Types of analytical measurements

Optical spectroscopic analytical techniques are divided into the classes of ultraviolet, visible, near- and mid-infrared based on the type of electromagnetic change that is being measured, the instrument being used, and the definition used by the scientist. All the definitions in the discussion below are definitions used by chemists and are also dependent on instrumentation, particularly the detectors used in the instrumentation.


When a spectroscopist measures a spectrum, they are typically interested in either the identification of the material (qualitative analysis) or how much of a particular compound is present (quantitative analysis).


In the ultraviolet and visible region of the spectrum (220 to 750 nm), the spectra are due to electronic transitions. These transitions are electronic in nature and many molecules with similar structures have similar transitions. For example, most compounds that have an aromatic ring absorb ultraviolet light at 254 nm. This means that a spectrum might be class specific but not indicative of the molecule itself.

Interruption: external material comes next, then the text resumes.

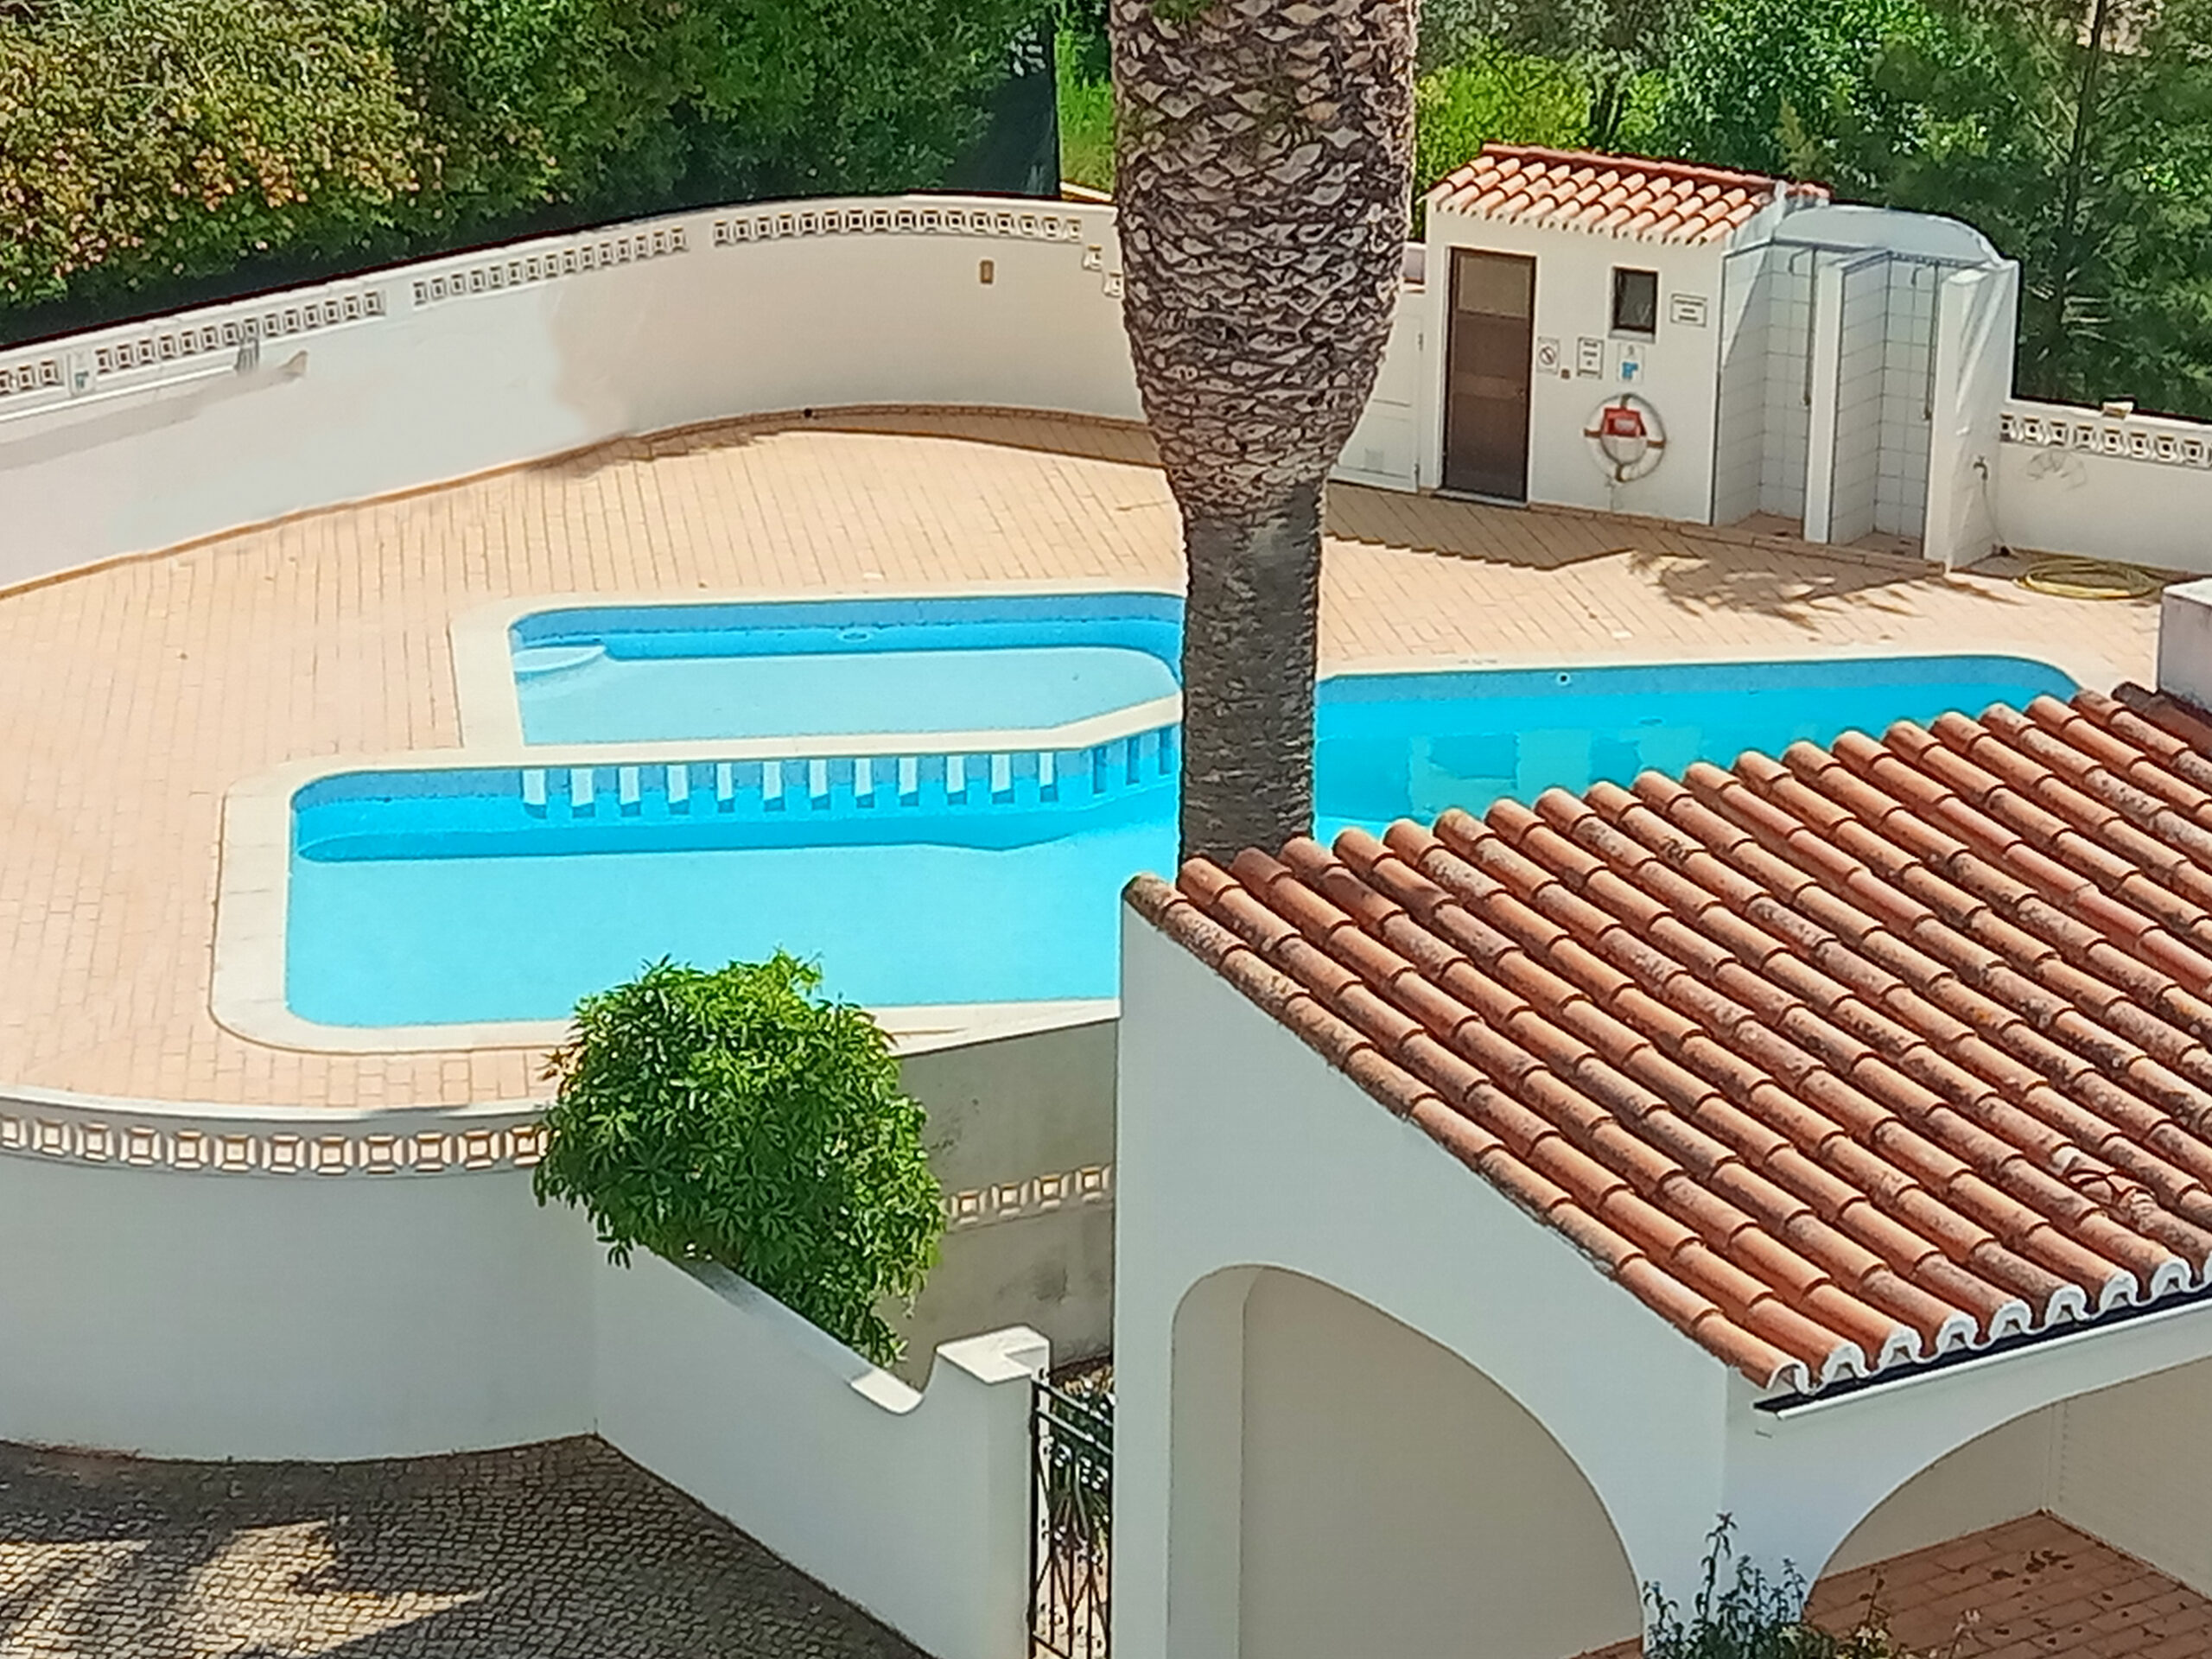 Pool area viewed from front terrace

The near-infrared region of the spectrum is typically defined as 750 nanometers to 2,500 nanometers. Spectra in this region are due to overtones of the fundamental absorbances in the mid-infrared. These overtones result from fundamental vibrations of C-H, N-H, and O-H bonds in molecules, and unfortunately overlap with each other. This means that although identification of a material is possible from its near-infrared spectrum, it is not as straightforward as it can be in the mid-infrared.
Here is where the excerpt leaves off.